Today, preparing for an injury that never happens has no beneficial effect. It could lead to some severe health complications.

Why Is It Hard To Think When I’m Tired?

The expression “half asleep” might be an accurate description of what is going on in the brain when you’re feeling slow-witted.

There is research to suggest that parts of the brain may well be asleep when it is sleep deprived. However, dolphins and whales are known to sleep with one half of their brain at a time to allow them to continue swimming and surfacing for air.

While not intentional like dolphins and whales, studies on humans have shown parts of the brain being inactive when we are sleep deprived.

How Is Modern Life Affecting Our Sleep Patterns?

Several studies show that the light bulb has led to people prolonging their day and getting less sleep. On average we go to sleep and wake up two hours later than a generation ago.

Reports suggest that around a third of working adults achieve less than six hours sleep a night, which is ten times more than it was fifty years ago. Around half of all shift workers a reported to sleep less than six hours as well.

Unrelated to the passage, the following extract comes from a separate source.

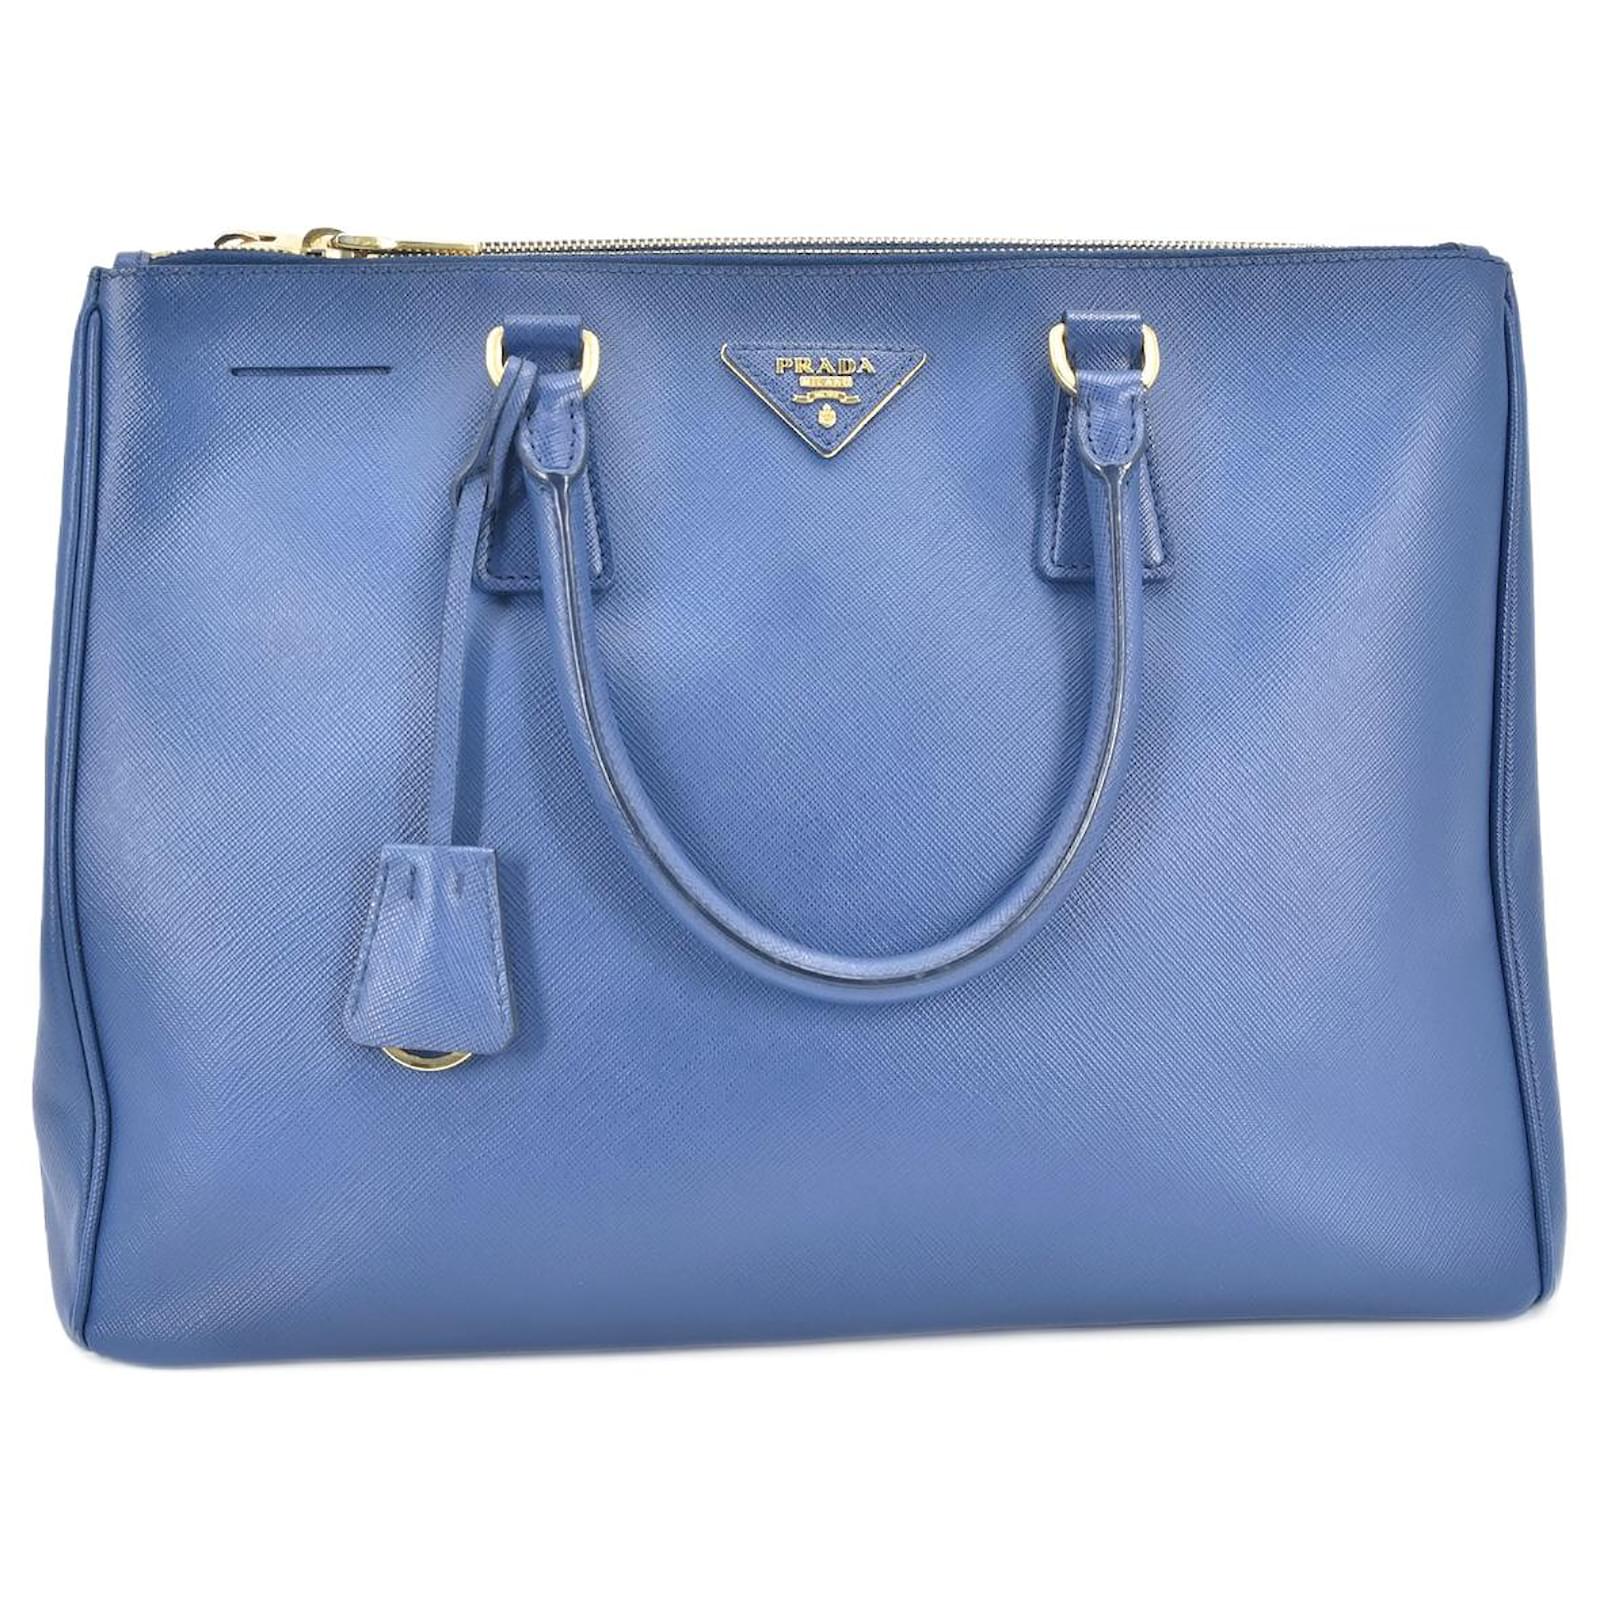 Prada Saffiano Galleria lined Zip Handbag Blue Pony-style calfskin
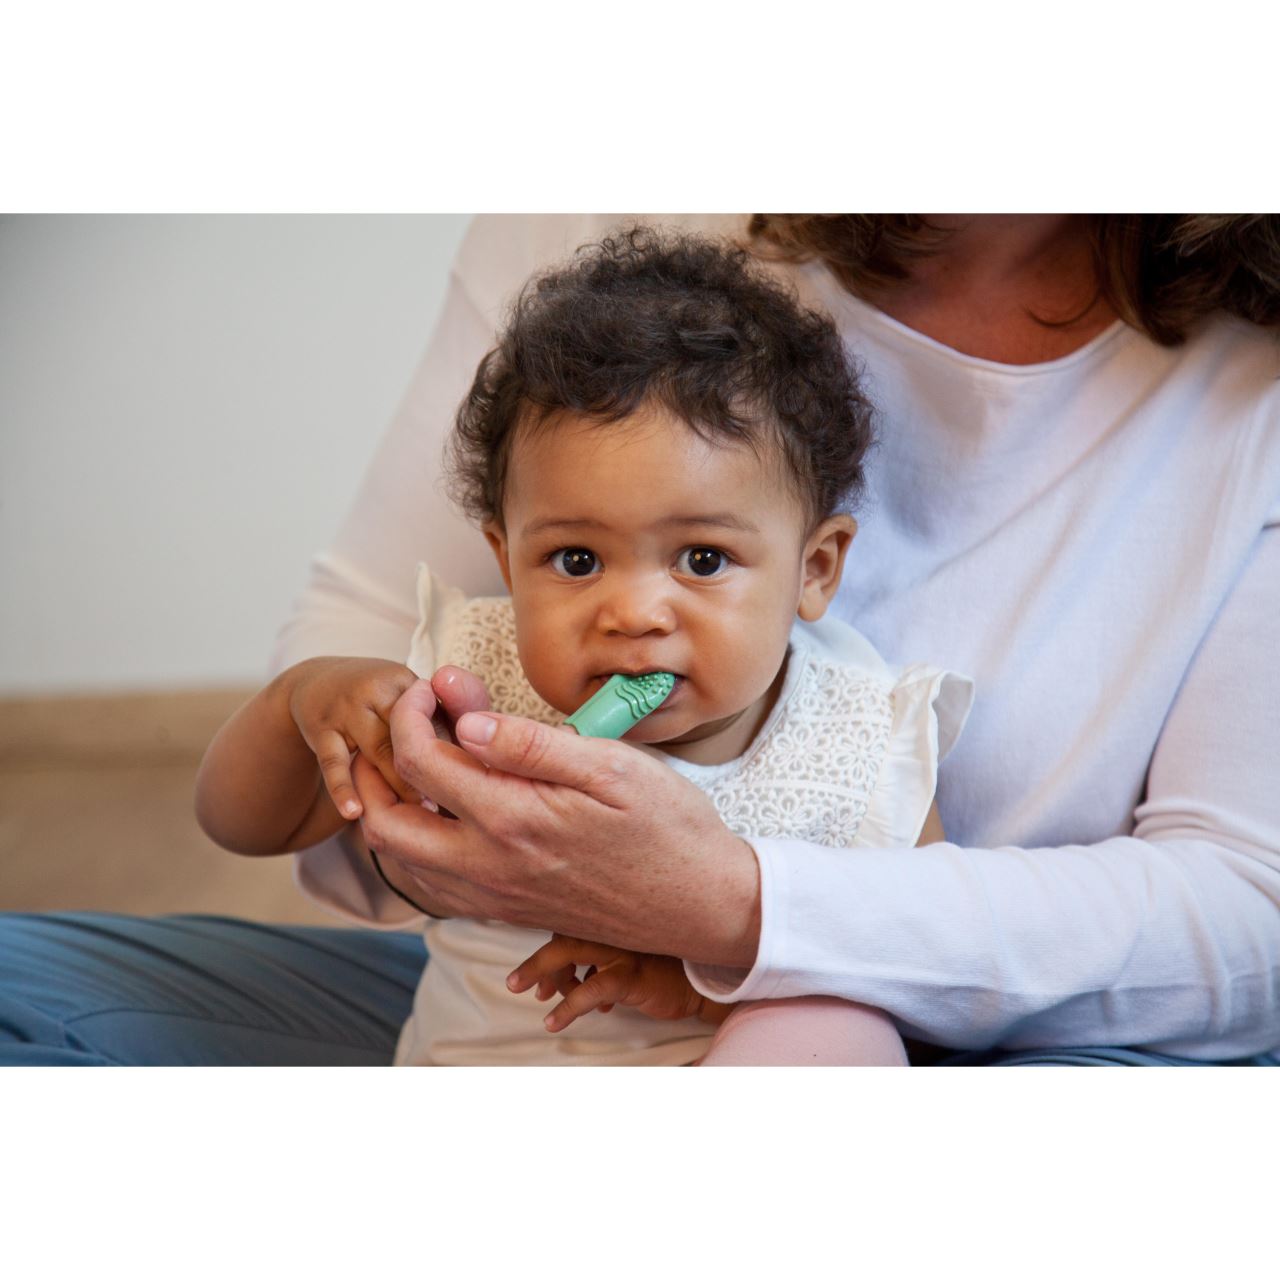 Periuta de dinti pentru bebelusi, din cauciuc natural, pentru folosire pe deget, Gruenspecht 687-00 Children SafetyCare

The introduction of mobile devices has also had a massive impact on our sleep. The light they emit is disruptive to the hormones that help us go to sleep and wake up. As a result, our sleep is inhibited, and we wake up less alert in the morning.

Mobile devices are more detrimental to children and adolescents who already experience significant sleep loss. And what we are yet to establish is if there are any long-term effects of their use of these technologies.

Hopefully we’ve answered some of your questions around why we sleep. We all know it’s a non-negotiable part of our lives, but it’s also interesting to understand what is actually going on while we are asleep.